# Which glaze recommendation & why?



## shaunwistow (May 13, 2011)

Hello

What are the benefits of using a glaze after polishing & before waxing? I am doing my xmas list & a glaze might find it's way onto it.

I will be polishing with Gtechniq P1 & waxing with AG HD wax. My car (see garage) is a grey/brownish Honda Civic (soft paint). If caught in the light it has very, very fine swirls. If the P1 does not remove this would the glaze cover them? 

Poorboys Black Hole Glaze seems to be popular, but is it any good & would you recommend it or something else?

Which glaze would you recommend & why? please bear in mind it will be applied by hand.

Cheers
Shaun


----------



## SimonBash (Jun 7, 2010)

BH is fine, a good glaze.

However I would go for Blackfire Gloss Ehancing Polish, acts as a pre-wax cleanser and also fills so your paint is prepped properly for wax.

Auto Finesse Tripple also does the above jobs nicely, pulls dirt from paint that has already been washed, ironX'd, clayed when I have used it.


----------



## shaunwistow (May 13, 2011)

There are so many to choose from. PB Black Hole & CG EZ Creme seem to get good reviews.

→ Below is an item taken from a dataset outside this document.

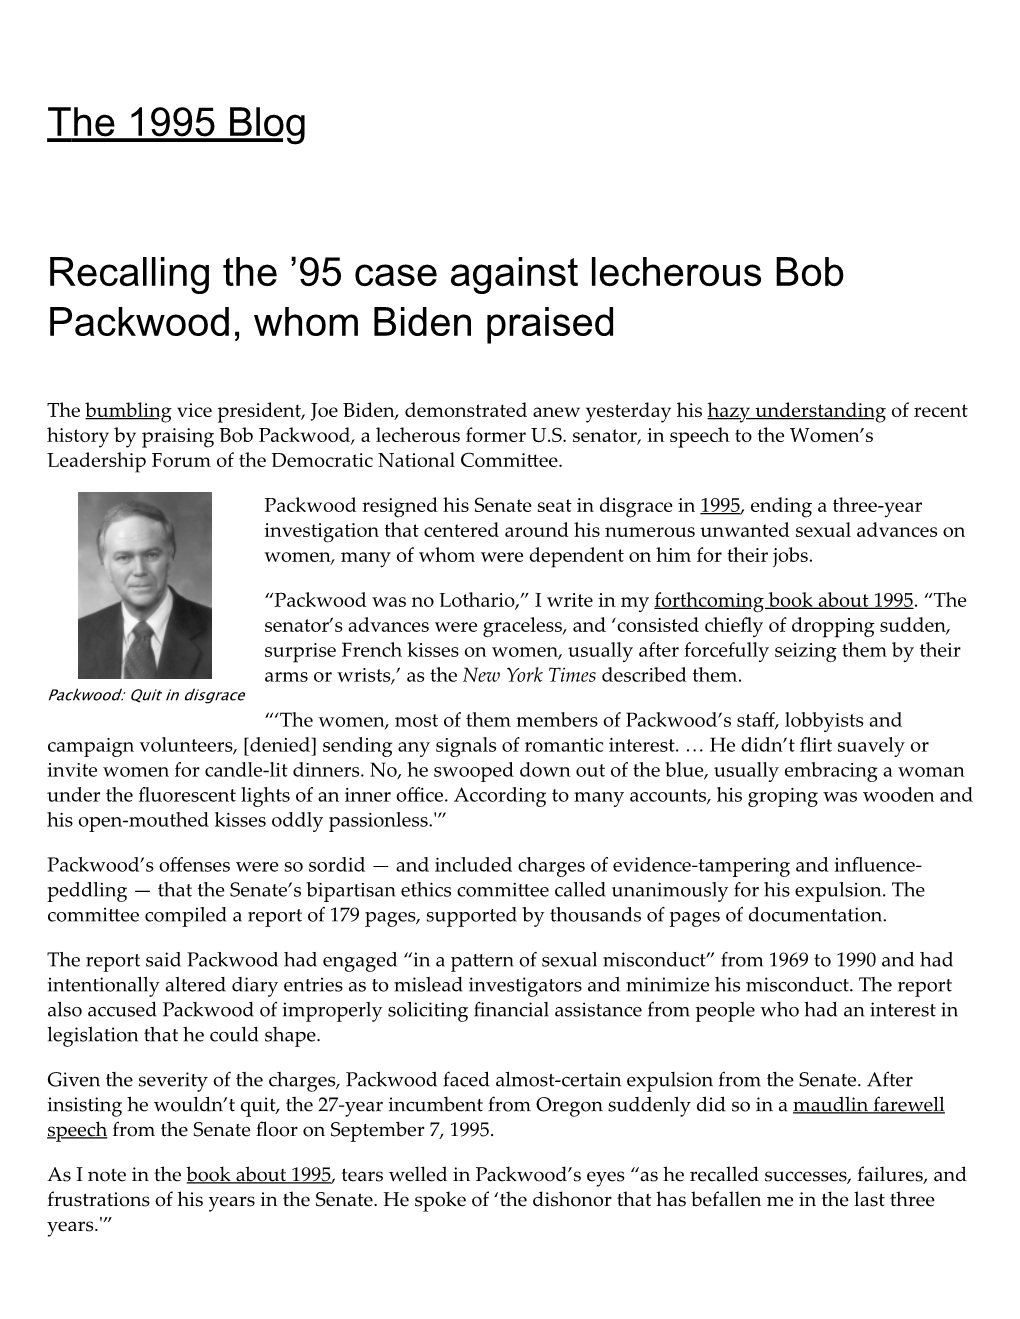 The 1995 Blog Recalling the '95 Case Against Lecherous Bob Packwood, Whom Biden Praised

Its a bit of a minefield


----------



## 7MAT (Apr 14, 2006)

Another option for you to consider would be Britemax 'Black Max' Ultra Fine Polishing Glaze :thumb:

http://carproductstested.com/exterior-product-reviews/britemax-black-max-review/


----------



## shaunwistow (May 13, 2011)

7MAT said:


> Another option for you to consider would be Britemax 'Black Max' Ultra Fine Polishing Glaze :thumb:
> 
> http://carproductstested.com/exterior-product-reviews/britemax-black-max-review/


Thanks for putting another spanner in the works


----------



## John @ PB (Aug 25, 2010)

Auto Finesse Tripple or R222 Gloss Enhancing Paintwork Cleanser. 

I'd probably side with Tripple for your car's paint as it's a little bit more slick to use; buffs off easier and with the ultra-soft Honda paint that's vital.


----------



## bazves (Mar 24, 2011)

I've used Tripple and its a cracking paint cleanser, but being an AIO wouldn't it limit the choice of LSP where as a 'glaze' would not?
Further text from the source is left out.